做者: 負雪明燭
id: fuxuemingzhu
我的博客: http://fuxuemingzhu.cn/python
[LeetCode]app
題目地址:https://leetcode.com/problems/find-all-numbers-disappeared-in-an-array/ide
Given an array of integers where 1 ≤ a[i] ≤ n (n = size of array), some elements appear twice and others appear once.this
Find all the elements of [1, n] inclusive that do not appear in this array.spa
Could you do it without extra space and in O(n)runtime?
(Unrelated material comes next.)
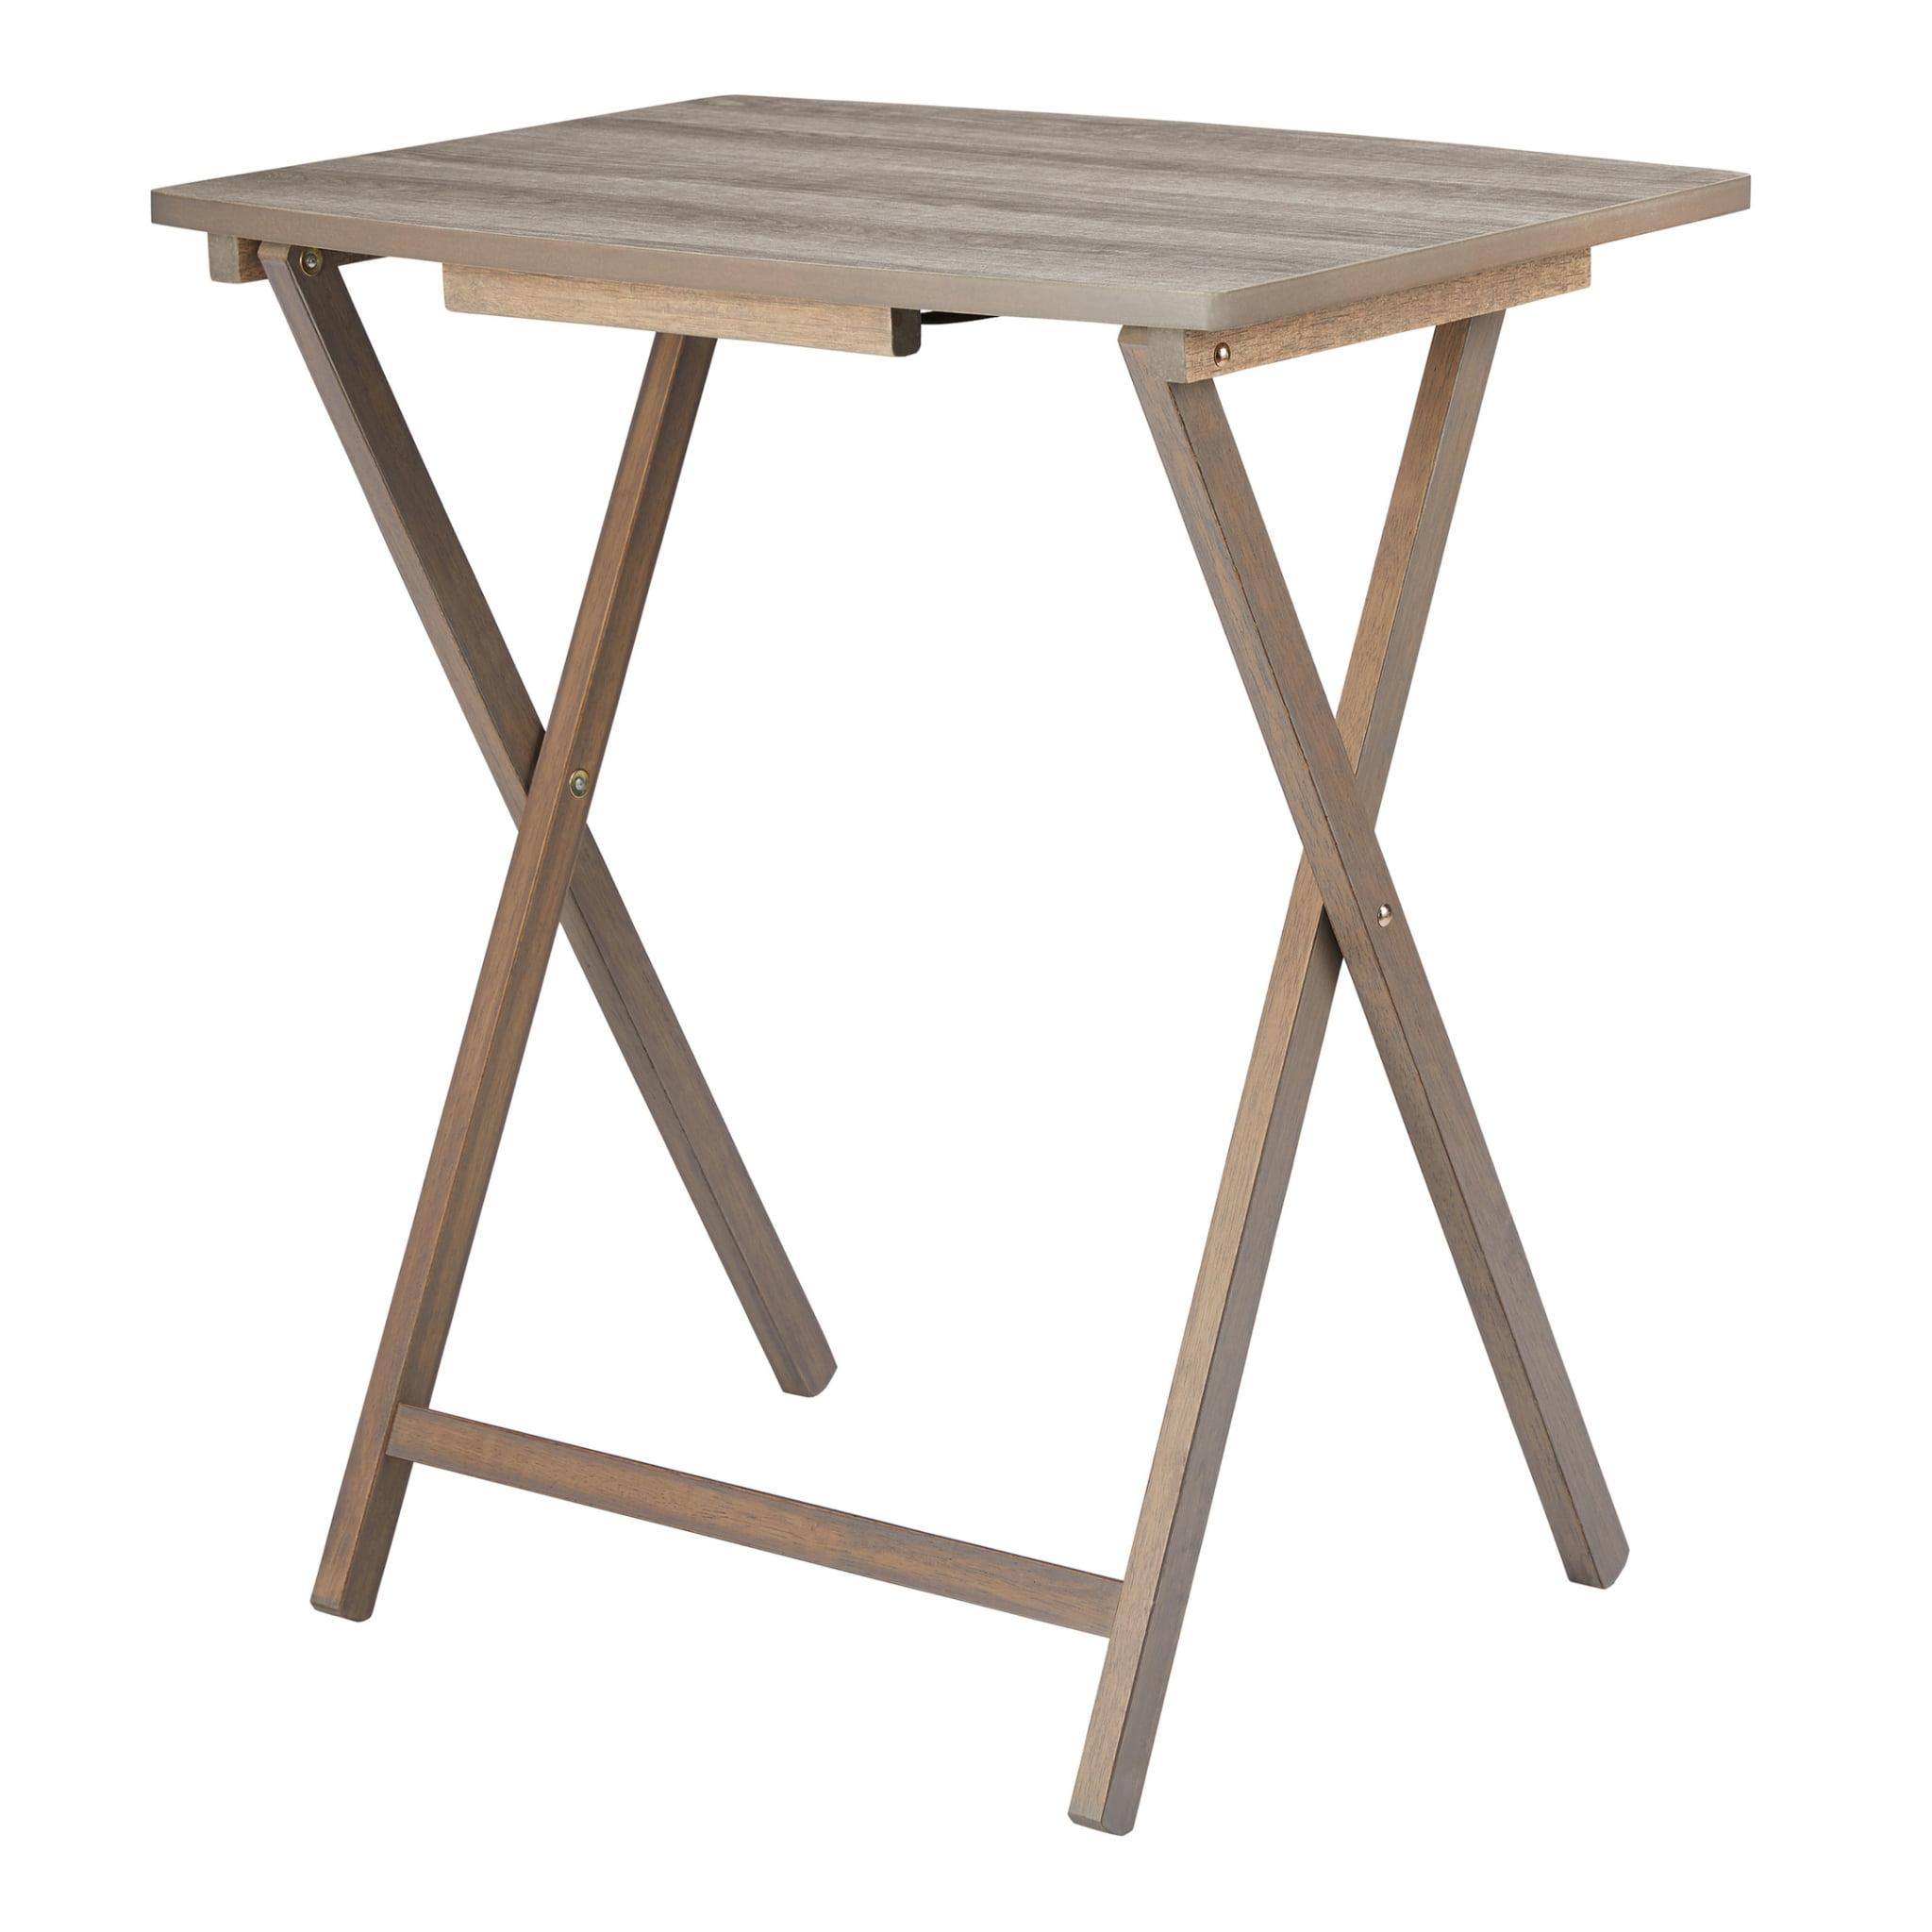 Mainstays Folding Xl Oversized Tray Table Rustic Gray Walmart Com Walmart Com

You may assume the returned list does not count as extra space.code
Example:索引
Input: [4,3,2,7,8,2,3,1] Output: [5,6]
剛開始沒想到頗有效的方法,只能用暴力解決。但這個方法不符合題目沒有額外空間的要求。element
class Solution(object): def findDisappearedNumbers(self, nums): """ :type nums: List[int] :rtype: List[int] """ cList = list(range(1, len(nums) + 1)) returnList = [] for x in nums: cList[x - 1] = 0 for x in cList: if x != 0: returnList.append(x) return returnList
AC:359 msleetcode
參考了別人的,我學會了一種方法:原地變負來標記。好比對於[4, 3, 2, 7, 8, 2, 3, 1],把這些元素做爲list的索引,指向的元素變換成負數,那麼,沒有變換成負數的位置就是沒有人指向它,故這個位置對應的下標沒有出現。get
class Solution(object): def findDisappearedNumbers(self, nums): """ :type nums: List[int] :rtype: List[int] """ for i in range(len(nums)): index=abs(nums[i])-1 nums[index]= - abs(nums[index]) return [i+1 for i in range(len(nums)) if nums[i] > 0]
AC:362 ms
這個速度仍然不理想。
已經告訴咱們缺乏了部分數字,那麼咱們能夠先用set進行去重。而後再次遍歷1~N各個數字,而後找出沒有在set中出現的數字便可。
Python代碼以下,戰勝96%.
class Solution(object): def findDisappearedNumbers(self, nums): """ :type nums: List[int] :rtype: List[int] """ res = [] numset = set(nums) N = len(nums) for num in range(1, N + 1): if num not in numset: res.append(num) return res
2017 年 1 月 2 日 2018 年 11 月 10 日 —— 這麼快就到雙十一了??